CONCLUSIONS: EF1 is a simple robust marker of early left ventricular impairment that can be precisely measured by CMR and predicts outcome in aortic stenosis. Its measurement by CMR is more reproducible than that by TTE and may facilitate left ventricular structure-function analysis.

Background

In conditions where there is impairment of myocardial contractile function early in systole, a length-dependent activation of the myocyte may preserve ejection fraction (EF) at the expense of slower but sustained contraction. This may explain why traditional measures of “systolic function” such as EF and newer measures such as global longitudinal strain (GLS) that measure total contraction over systole may be insensitive in detecting early systolic dysfunction. We have previously demonstrated that first-phase ejection fraction (EF1) as measured by transthoracic echocardiography (TTE), the EF measured up to the time of maximal aortic flow velocity on continuous wave Doppler which corresponds to active systole, is a more sensitive measure than EF or GLS in detecting early systolic dysfunction. EF1 as measured by TTE is of prognostic value in patients with aortic stenosis (AS) [1, 2], the most common form of primary heart valve disease [3]. Although TTE is the most commonly used diagnostic tool for evaluation of LV function in patients with AS, cardiovascular magnetic resonance (CMR) imaging is the gold standard imaging modality for assessing the myocardium, in particular for the quantification of left ventricular (LV) volumes and function, and tissue characterization [4, 5]. Furthermore, the use of CMR facilitates a greater degree of functional-structural correlation, potentially providing insight into mechanisms impairing early systolic function. The objective of the present study was to assess whether CMR might provide more precise measurements of EF1 than TTE and to examine the correlation of CMR EF1 with myocardial fibrosis, afterload and clinical outcomes.

Methods

Patient population

This was a retrospective analysis of an observational cohort of patients with at least mild AS (peak aortic velocity ≥ 2 m/s) who were prospectively recruited from the Edinburgh Heart Centre between March 2012 and August 2014 [6]. We recently reported clinical and prognostic associations of TTE EF1 in this cohort [2]. Exclusion criteria were other valvular heart disease (greater than mild severity), comorbidities with limited life expectancy, contraindications to gadolinium, and acquired or inherited non-ischaemic cardiomyopathies as assessed by history or CMR. Patients underwent clinical evaluation, venous blood sampling for plasma concentrations of high-sensitivity cardiac troponin I (hs-cTnI, ARCHITECT STAT assay, Abbott Laboratories, Abbott Park, Illinois, USA) and brain natriuretic peptide (BNP, Triage assay, Biosite Inc., San Diego, California, USA), electrocardiography, TTE and CMR. Referral for aortic valve intervention was undertaken by the treating cardiologist in accordance with routine practice and contemporary guidelines [2]. The study was approved by the regional ethics committee (10/S1102/24) and conducted in accordance with the Declaration of Helsinki.
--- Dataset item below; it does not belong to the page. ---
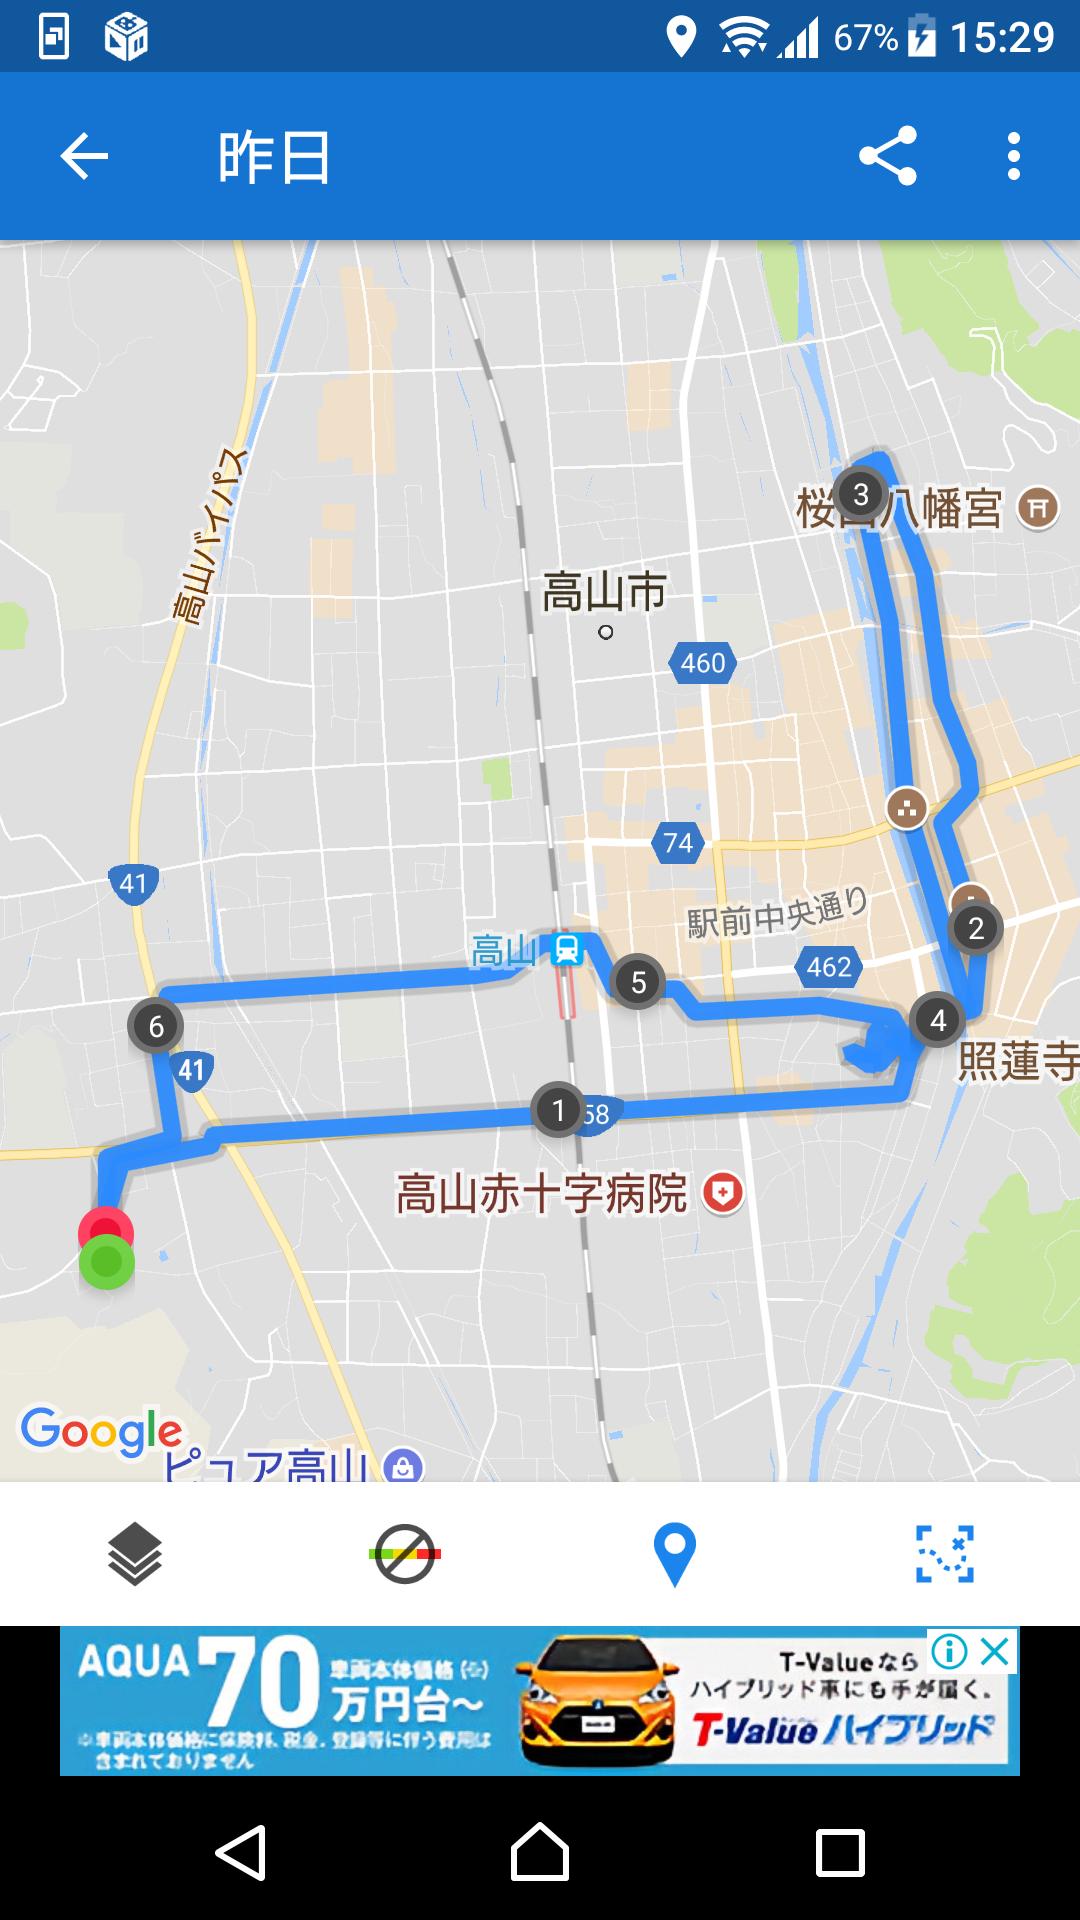 f:id:ynakayama27:20170725161301p:plain

Written informed consent was obtained from all subjects. The primary outcome was a combination of aortic valve replacement (AVR) and death (identified through medical records and the General Register of Scotland).

Cardiovascular magnetic resonance and EF1

Detailed CMR protocols in this cohort have been described [6]. All baseline scans were performed on a 3 T CMR scanner (MAGNETOM Verio, Siemens Healthineers, Erlangen, Germany). Late-gadolinium enhancement (LGE) imaging was performed 15 min after intravenous administration of 0.1 mmol/kg gadobutrol and independently assessed by two investigators (CC and MD). T1 mapping was performed using the modified Look-Locker inversion recovery sequence [2]. Native T1, extracellular volume fraction (ECV%) and indexed extracellular volume (iECV = ECV% x LV diastolic myocardial volume indexed to body surface area) were measured [2, 6, 7]. Both ECV% and iECV included non-infarct and excluded infarct LGE [2]. GLS was measured using cvi42 (Circle Cardiovascular Imaging, Calgary, Alberta, Canada). A fully automated strain analysis was carried out with two-dimensional GLS as the primary assessment.
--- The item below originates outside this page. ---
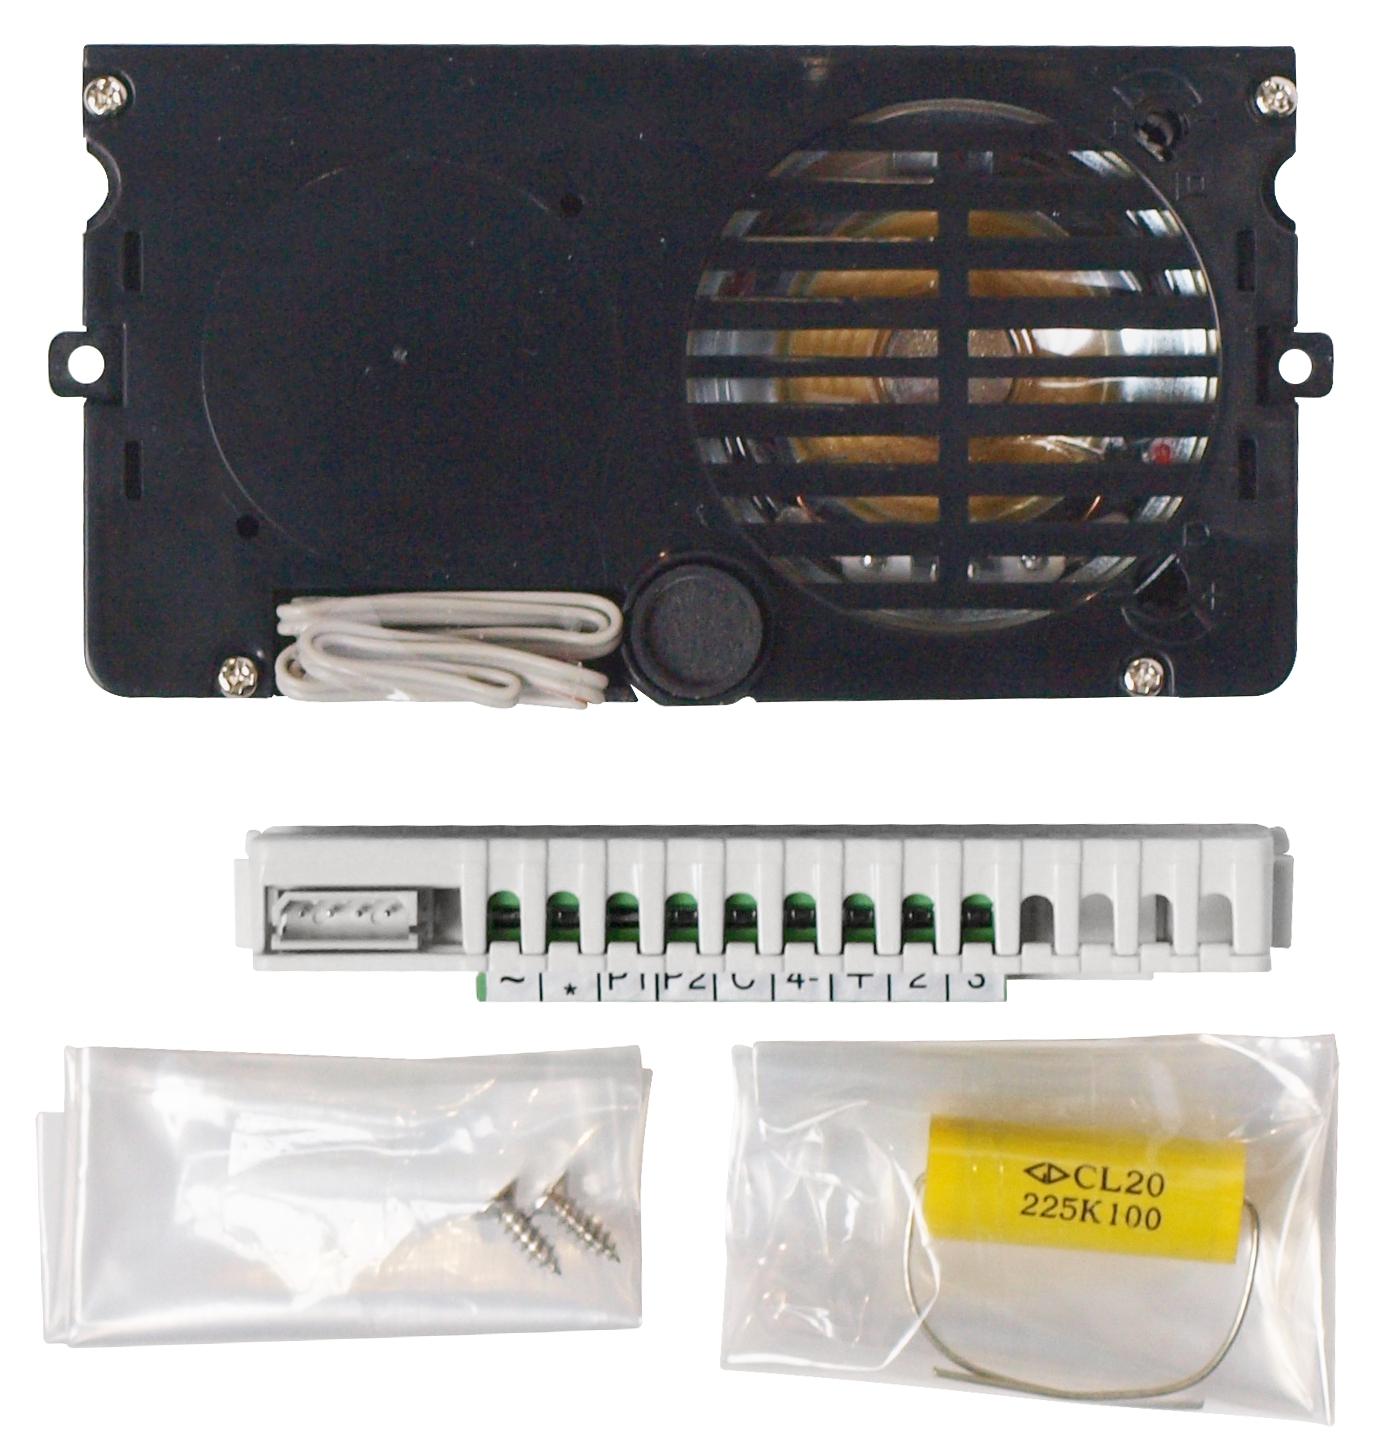 1 Stk Einbaulautsprecher+Lautstärkenregulierung,wasserdicht,trad. SP160000--

CMR EF1 was retrospectively analysed by one observer (HG) blinded to patient characteristics and outcomes using cvi42. Time to peak aortic valve flow was derived from the phase contrast aortic valve flow-time curve (Fig. 1). LV volumes were measured using short-axis 3D stack following the recommendations of the Society for Cardiovascular Magnetic Resonance [8].

Fig. 1

Representative cardiovascular magnetic resonance (CMR) images and measures of aortic valve flow and left ventricular (LV) volume from a patient in the series. Left ventricular volume was measured from CMR short-axis stack 3D, aortic valve flow was measured from phase contrast flow images and time to peak aortic valve flow was derived from the aortic valve flow-time curve. First-phase ejection fraction (EF1) was then calculated using equation: EF1 = (EDV-V1)/EDV%, where EDV is end-diastolic volume and V1 is volume at time of peak aortic valve flow

CMR EF1 was then calculated using the following equation [1]:

where EDV is end-diastolic volume and V1 is LV volume at the time of peak aortic flow (Fig. 1). V1 was measured from the frame closest to peak aortic velocity estimated from the number of frames per unit time multiplied by the time to peak aortic velocity. We also examined a similar metric to EF1 that can be derived entirely from the integral of aortic flow over time: aortic flow-derived volume up to the time of peak flow (SV1) expressed as a ratio of aortic flow-derived volume over systole (SV). In the absence of mitral regurgitation SV1/SV is theoretically equal to EF1/EF and avoids the limitation of phase contrast and cine imaging not being measured concurrently.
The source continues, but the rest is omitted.